DATASET SECTION -
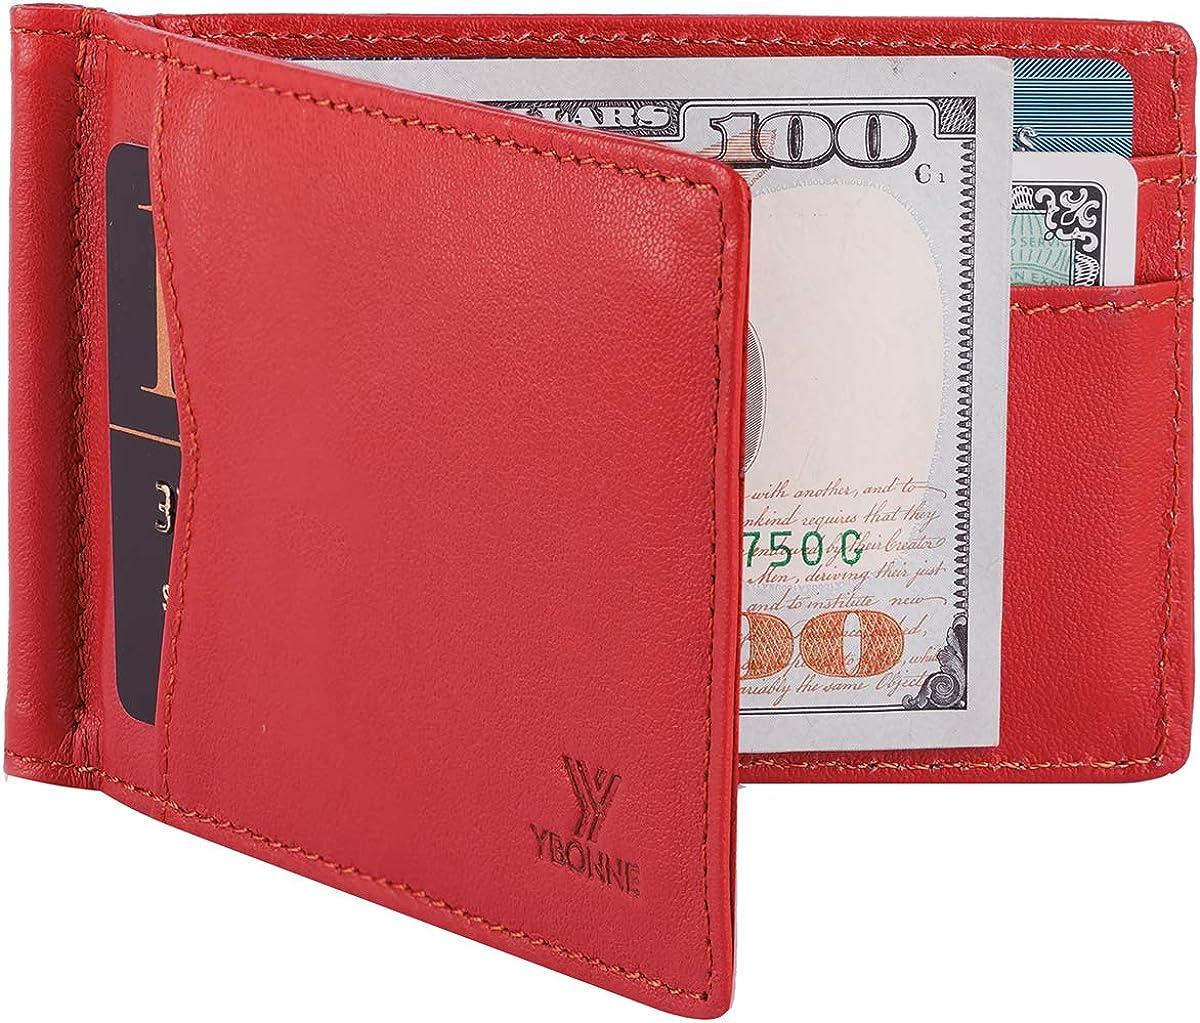 YBONNE Slim Wallet With...
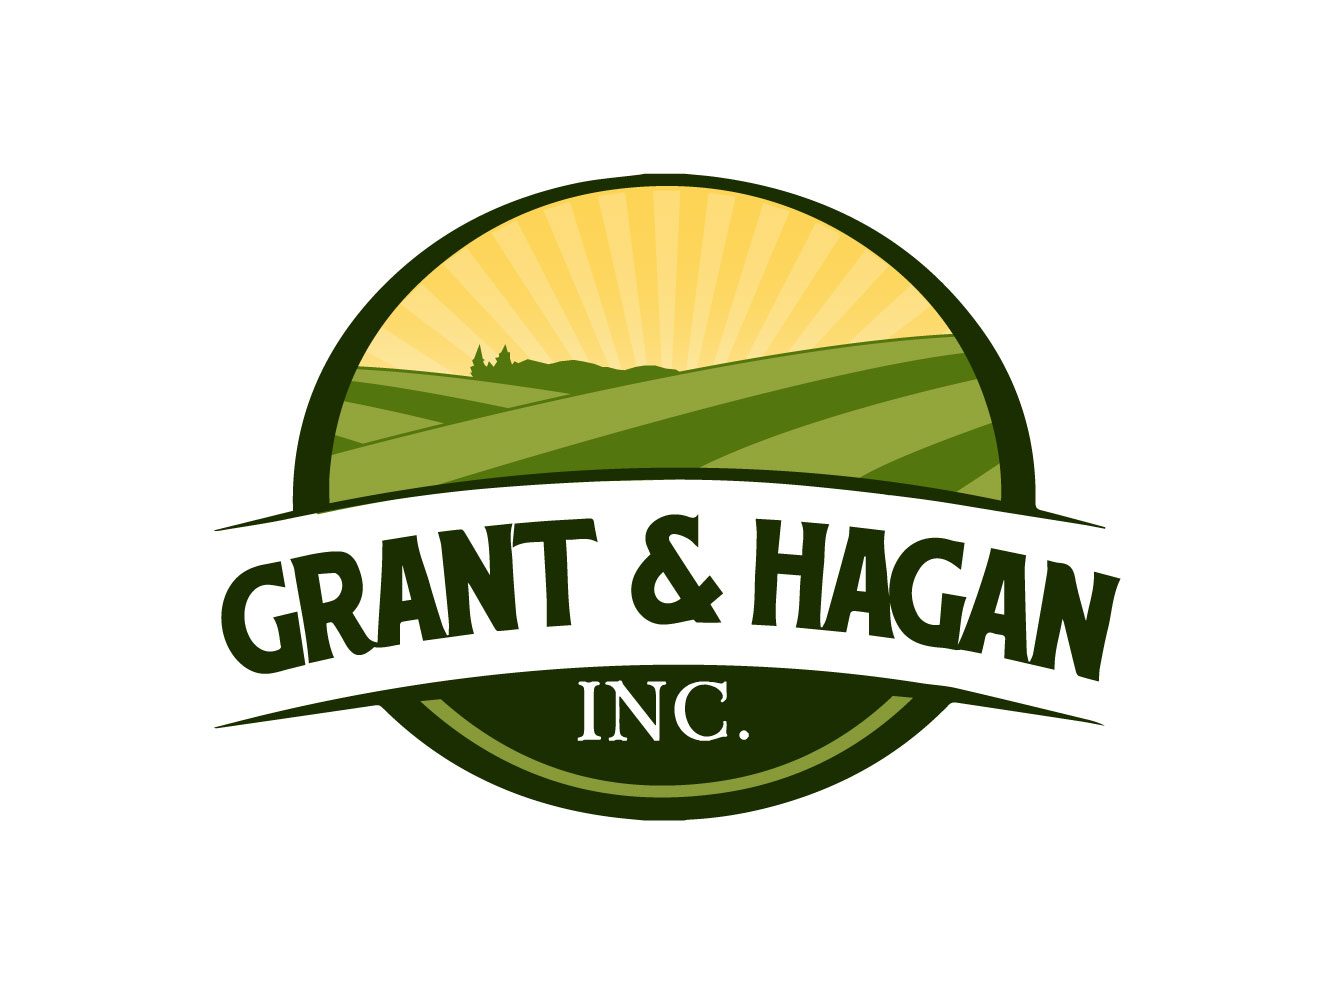 http://mvjrgolf.com/wp-content/uploads/2017/02/Grant-Hagan.jpg
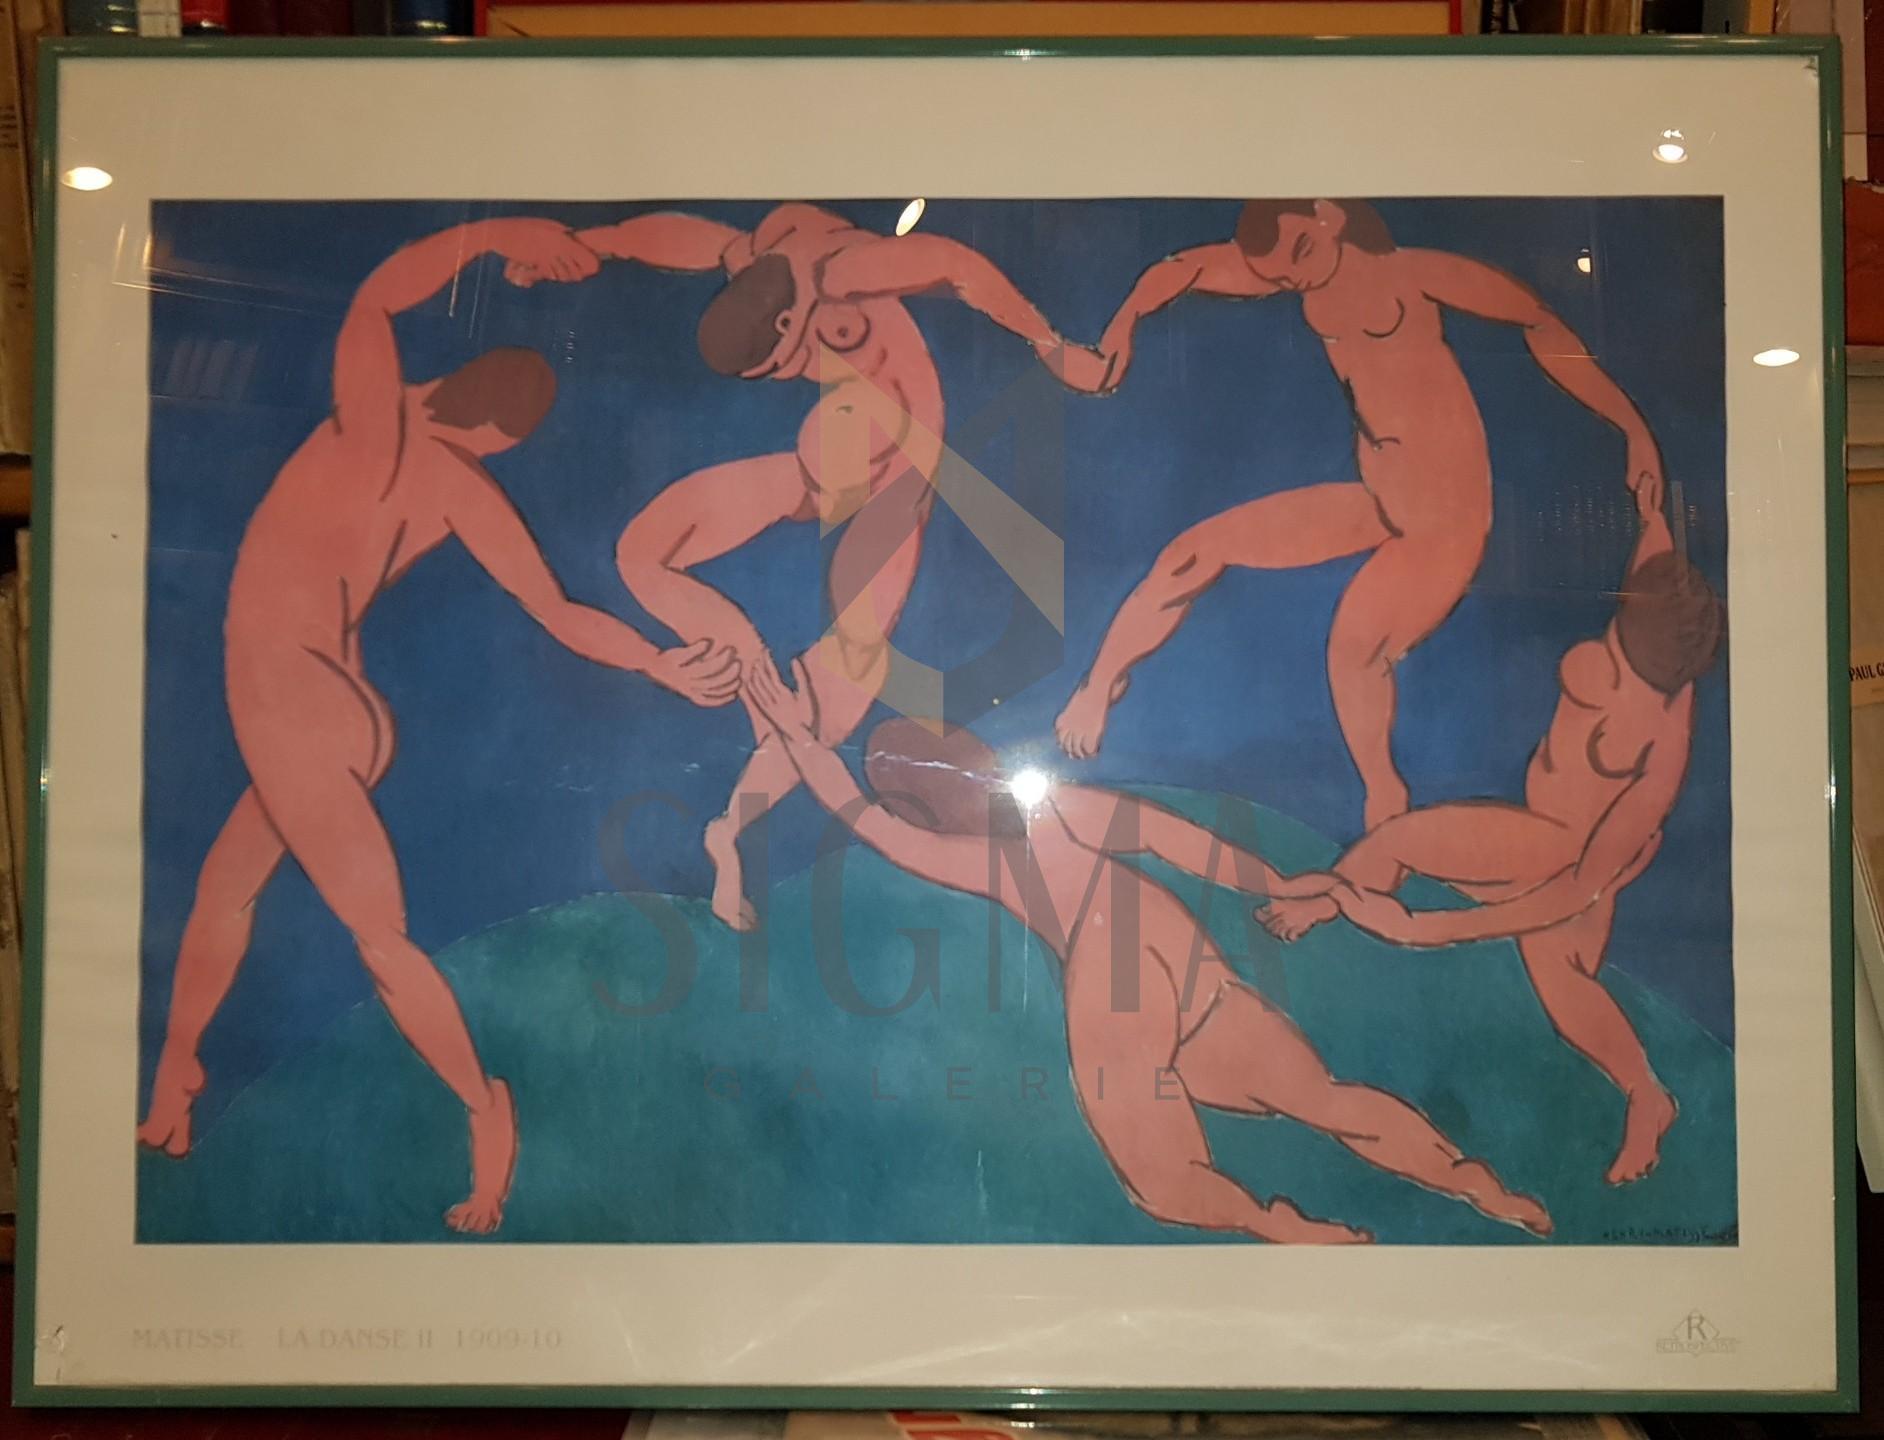 "AFIS, HENRI MATISSE "" LE DANCE II"", 61cm. X 81cm."

WORK TASK - Output the material above exactly, without pictures.

RESULT FOR THIS EXERCISE -
 YBONNE Slim Wallet With...
 http://mvjrgolf.com/wp-content/uploads/2017/02/Grant-Hagan.jpg
 "AFIS, HENRI MATISSE "" LE DANCE II"", 61cm. X 81cm."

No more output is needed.